=== Exercise ===
Among the lines of data below, reproduce only those from the one with "28 Adam Ziorio" through the one with "Chocolate Chip Cookies", exactly as they stand, both ends included.

- Opening Delimiter -

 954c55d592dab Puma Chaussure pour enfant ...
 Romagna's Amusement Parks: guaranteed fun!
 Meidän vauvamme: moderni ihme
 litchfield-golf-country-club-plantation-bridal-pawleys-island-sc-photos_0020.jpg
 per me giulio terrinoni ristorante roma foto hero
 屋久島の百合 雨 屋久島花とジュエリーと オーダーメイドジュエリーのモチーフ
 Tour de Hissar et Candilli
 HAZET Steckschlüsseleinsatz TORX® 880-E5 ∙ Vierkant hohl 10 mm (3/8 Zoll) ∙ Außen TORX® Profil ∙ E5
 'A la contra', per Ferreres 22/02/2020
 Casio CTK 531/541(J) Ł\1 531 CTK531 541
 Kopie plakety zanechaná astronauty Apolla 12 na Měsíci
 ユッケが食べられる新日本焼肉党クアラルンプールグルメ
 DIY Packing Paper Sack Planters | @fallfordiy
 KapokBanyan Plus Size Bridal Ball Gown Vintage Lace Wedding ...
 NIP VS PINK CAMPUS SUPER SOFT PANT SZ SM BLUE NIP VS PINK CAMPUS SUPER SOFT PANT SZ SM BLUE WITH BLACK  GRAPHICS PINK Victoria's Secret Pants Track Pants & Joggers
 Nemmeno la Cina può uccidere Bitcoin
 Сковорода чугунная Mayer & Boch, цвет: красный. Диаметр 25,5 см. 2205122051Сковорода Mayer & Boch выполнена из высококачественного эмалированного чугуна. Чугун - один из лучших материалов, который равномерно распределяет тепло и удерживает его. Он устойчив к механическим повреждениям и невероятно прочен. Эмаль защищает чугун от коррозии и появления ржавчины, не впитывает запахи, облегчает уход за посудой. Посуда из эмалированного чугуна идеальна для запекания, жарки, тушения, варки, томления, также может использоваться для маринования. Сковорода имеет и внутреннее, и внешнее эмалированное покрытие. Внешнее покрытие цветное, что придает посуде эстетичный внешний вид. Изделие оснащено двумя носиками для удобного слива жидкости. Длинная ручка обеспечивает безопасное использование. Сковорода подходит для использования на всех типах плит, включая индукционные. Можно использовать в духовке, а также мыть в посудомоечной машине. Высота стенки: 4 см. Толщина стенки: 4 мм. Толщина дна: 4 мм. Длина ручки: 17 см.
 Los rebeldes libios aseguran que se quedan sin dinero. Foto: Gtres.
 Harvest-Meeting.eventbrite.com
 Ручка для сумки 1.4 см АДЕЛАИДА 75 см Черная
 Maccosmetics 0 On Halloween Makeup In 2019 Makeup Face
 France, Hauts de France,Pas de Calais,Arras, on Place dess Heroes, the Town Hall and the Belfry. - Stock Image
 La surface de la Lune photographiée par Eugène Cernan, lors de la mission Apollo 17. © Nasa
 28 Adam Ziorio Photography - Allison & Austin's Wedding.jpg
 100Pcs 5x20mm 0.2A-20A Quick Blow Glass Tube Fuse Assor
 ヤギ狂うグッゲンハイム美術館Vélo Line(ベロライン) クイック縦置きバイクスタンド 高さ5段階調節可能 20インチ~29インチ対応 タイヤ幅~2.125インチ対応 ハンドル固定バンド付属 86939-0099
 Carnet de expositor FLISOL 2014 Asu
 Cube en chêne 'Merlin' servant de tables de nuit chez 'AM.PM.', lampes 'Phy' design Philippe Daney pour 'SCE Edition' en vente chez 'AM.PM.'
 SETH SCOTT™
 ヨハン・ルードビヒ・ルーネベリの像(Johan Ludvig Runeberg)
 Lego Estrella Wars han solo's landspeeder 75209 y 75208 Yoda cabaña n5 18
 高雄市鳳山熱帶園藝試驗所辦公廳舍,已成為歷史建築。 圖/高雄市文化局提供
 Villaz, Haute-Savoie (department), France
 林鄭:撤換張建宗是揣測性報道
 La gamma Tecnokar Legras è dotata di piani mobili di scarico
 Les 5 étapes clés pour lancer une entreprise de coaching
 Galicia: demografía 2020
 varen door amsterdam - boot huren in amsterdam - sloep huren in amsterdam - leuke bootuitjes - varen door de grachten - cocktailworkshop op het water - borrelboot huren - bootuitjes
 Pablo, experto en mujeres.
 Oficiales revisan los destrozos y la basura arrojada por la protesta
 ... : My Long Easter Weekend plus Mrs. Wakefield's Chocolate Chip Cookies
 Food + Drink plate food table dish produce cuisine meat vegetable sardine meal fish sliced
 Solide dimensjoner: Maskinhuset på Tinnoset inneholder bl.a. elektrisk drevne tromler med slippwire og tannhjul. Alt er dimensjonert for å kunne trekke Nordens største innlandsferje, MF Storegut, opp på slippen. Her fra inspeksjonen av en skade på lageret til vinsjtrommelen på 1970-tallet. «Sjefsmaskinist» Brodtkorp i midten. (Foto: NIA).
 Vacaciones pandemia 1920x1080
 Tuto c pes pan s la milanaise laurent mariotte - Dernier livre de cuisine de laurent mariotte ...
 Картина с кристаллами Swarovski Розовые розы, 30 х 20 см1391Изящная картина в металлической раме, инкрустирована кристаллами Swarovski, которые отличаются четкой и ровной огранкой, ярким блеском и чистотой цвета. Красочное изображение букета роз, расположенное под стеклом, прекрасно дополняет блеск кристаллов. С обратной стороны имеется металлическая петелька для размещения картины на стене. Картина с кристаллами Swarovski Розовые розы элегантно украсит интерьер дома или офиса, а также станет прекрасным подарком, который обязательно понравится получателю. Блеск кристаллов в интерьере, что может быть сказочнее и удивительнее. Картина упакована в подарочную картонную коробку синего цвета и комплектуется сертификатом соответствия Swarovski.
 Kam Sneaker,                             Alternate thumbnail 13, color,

- Closing Delimiter -

=== Task answer ===
 28 Adam Ziorio Photography - Allison & Austin's Wedding.jpg
 100Pcs 5x20mm 0.2A-20A Quick Blow Glass Tube Fuse Assor
 ヤギ狂うグッゲンハイム美術館Vélo Line(ベロライン) クイック縦置きバイクスタンド 高さ5段階調節可能 20インチ~29インチ対応 タイヤ幅~2.125インチ対応 ハンドル固定バンド付属 86939-0099
 Carnet de expositor FLISOL 2014 Asu
 Cube en chêne 'Merlin' servant de tables de nuit chez 'AM.PM.', lampes 'Phy' design Philippe Daney pour 'SCE Edition' en vente chez 'AM.PM.'
 SETH SCOTT™
 ヨハン・ルードビヒ・ルーネベリの像(Johan Ludvig Runeberg)
 Lego Estrella Wars han solo's landspeeder 75209 y 75208 Yoda cabaña n5 18
 高雄市鳳山熱帶園藝試驗所辦公廳舍,已成為歷史建築。 圖/高雄市文化局提供
 Villaz, Haute-Savoie (department), France
 林鄭:撤換張建宗是揣測性報道
 La gamma Tecnokar Legras è dotata di piani mobili di scarico
 Les 5 étapes clés pour lancer une entreprise de coaching
 Galicia: demografía 2020
 varen door amsterdam - boot huren in amsterdam - sloep huren in amsterdam - leuke bootuitjes - varen door de grachten - cocktailworkshop op het water - borrelboot huren - bootuitjes
 Pablo, experto en mujeres.
 Oficiales revisan los destrozos y la basura arrojada por la protesta
 ... : My Long Easter Weekend plus Mrs. Wakefield's Chocolate Chip Cookies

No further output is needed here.